[Start of Attachment]
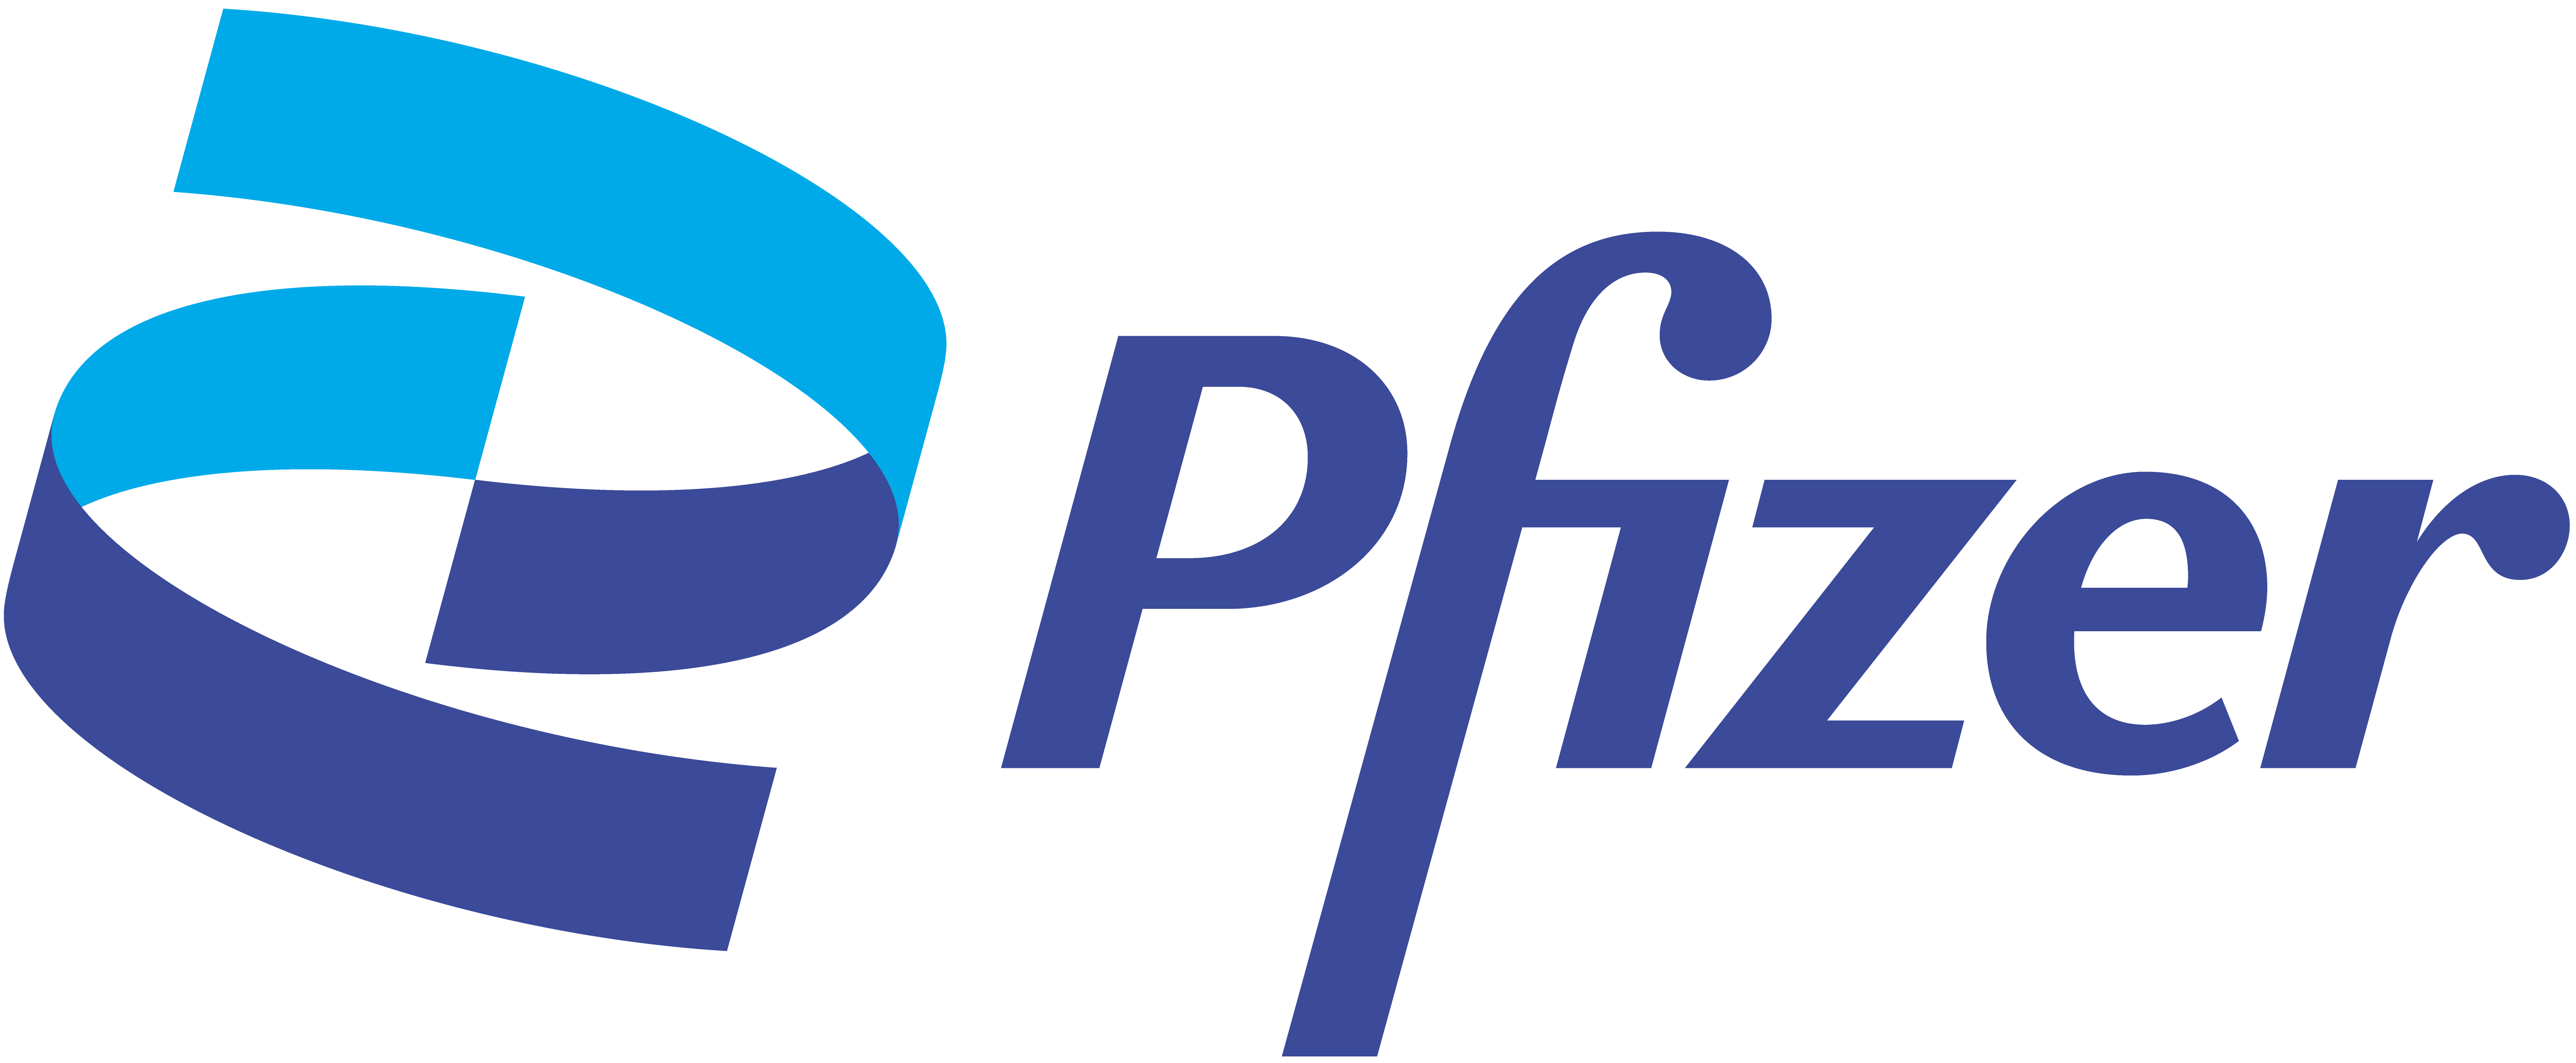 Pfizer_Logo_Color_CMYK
[End of Attachment]
[Start of Attachment]
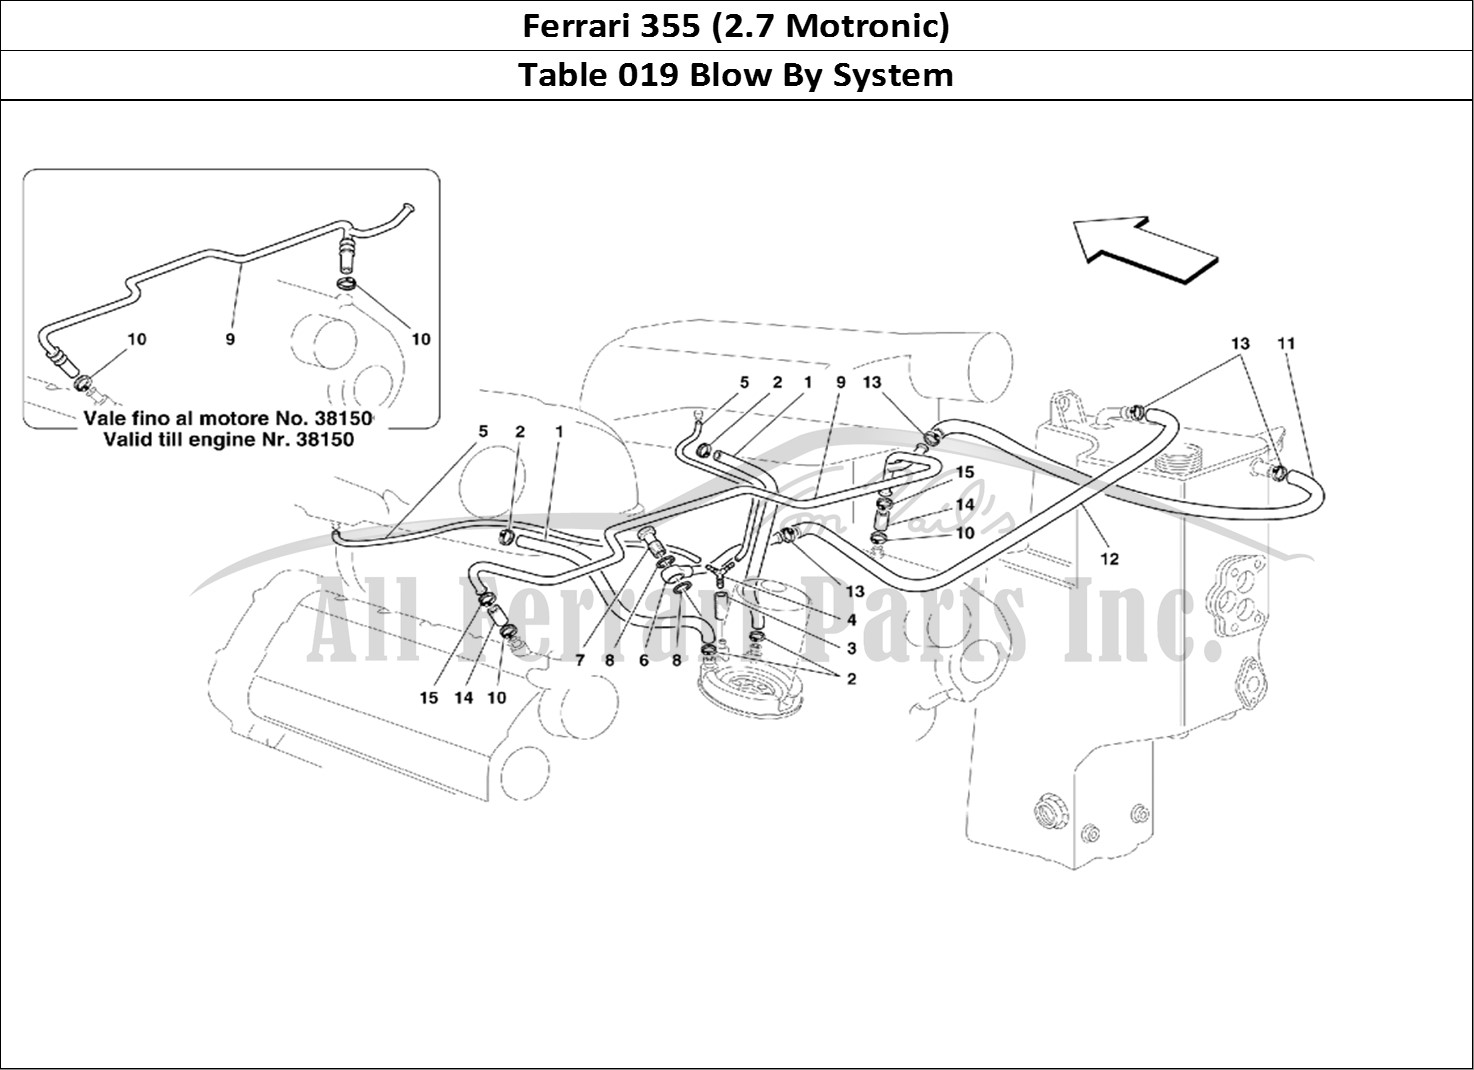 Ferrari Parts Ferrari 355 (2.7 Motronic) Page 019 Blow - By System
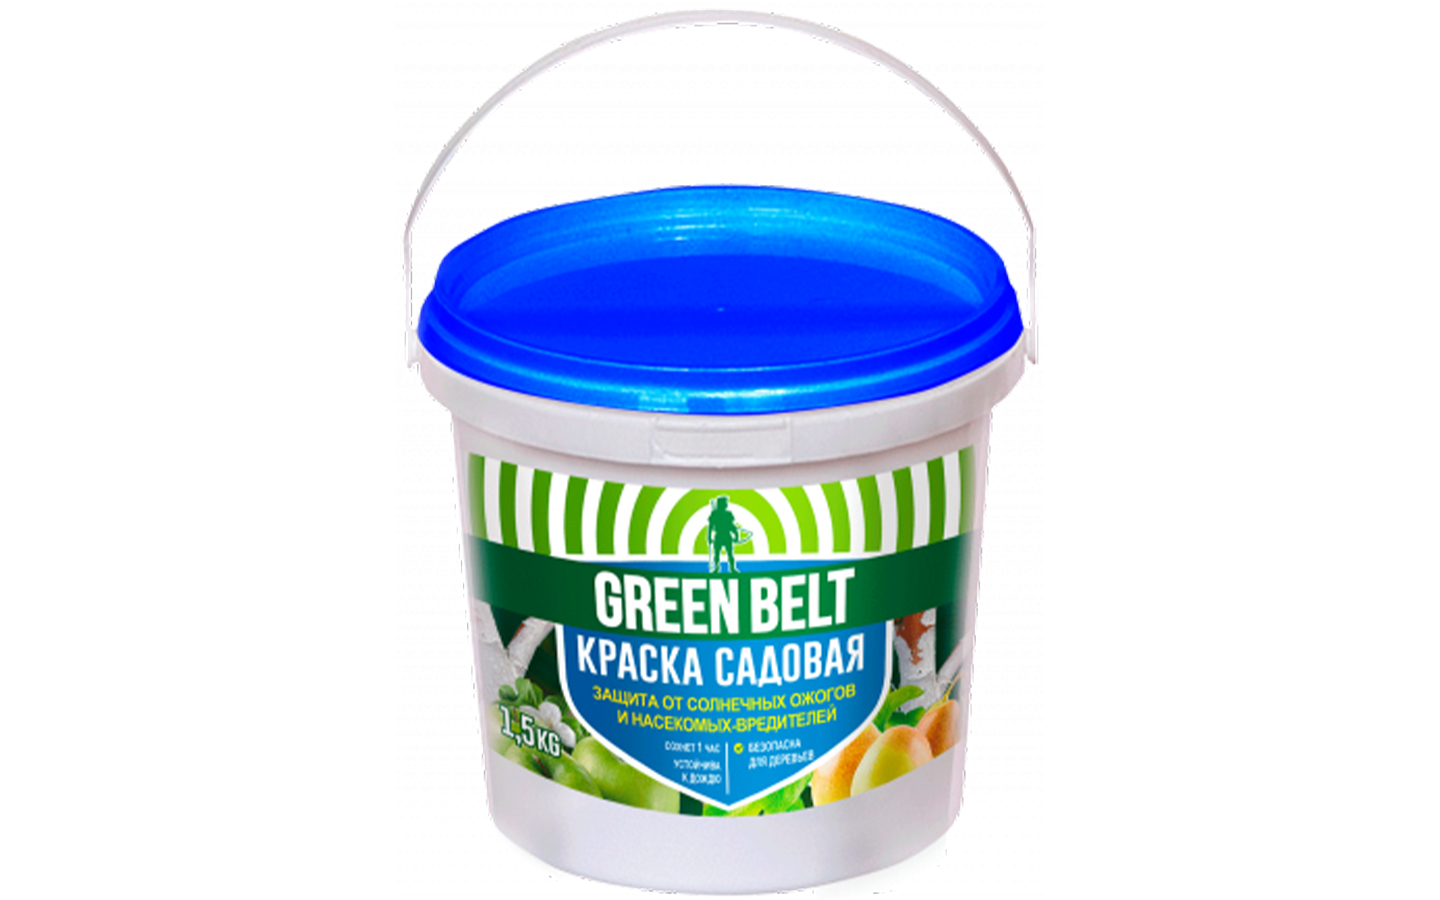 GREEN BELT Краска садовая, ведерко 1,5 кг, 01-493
[End of Attachment]
[Start of Attachment]
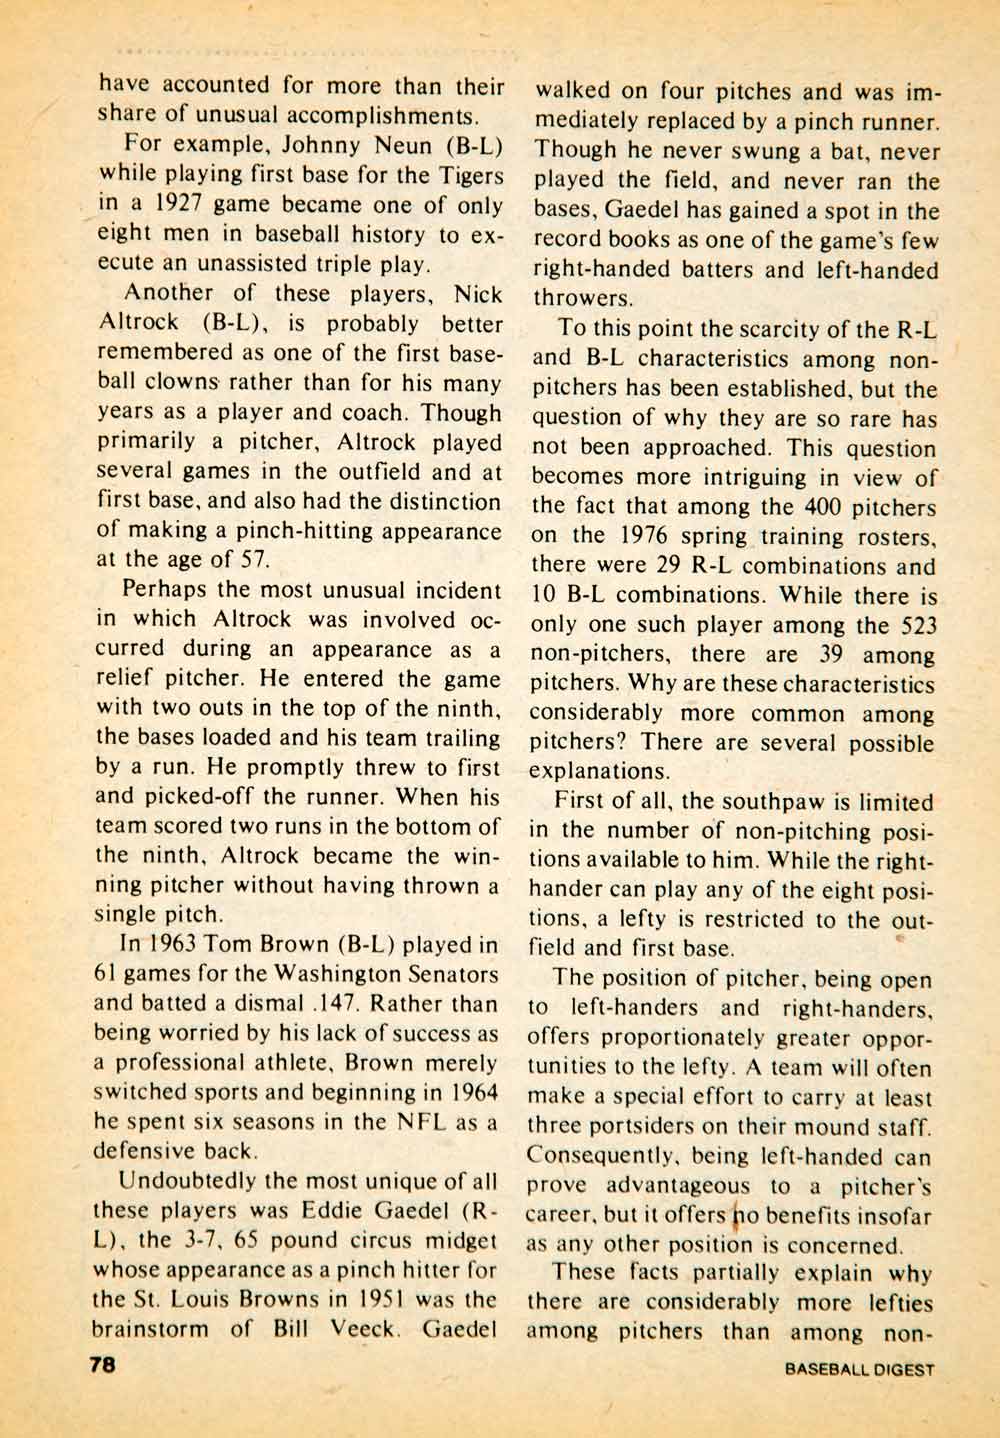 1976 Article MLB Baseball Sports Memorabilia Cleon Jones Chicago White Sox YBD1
[End of Attachment]
For this task, return exactly the stretch of the listing above from the line with "Ferrari Parts Ferrari" through the line with "GREEN BELT Краска", inclusive and without pictures.

 Ferrari Parts Ferrari 355 (2.7 Motronic) Page 019 Blow - By System
 GREEN BELT Краска садовая, ведерко 1,5 кг, 01-493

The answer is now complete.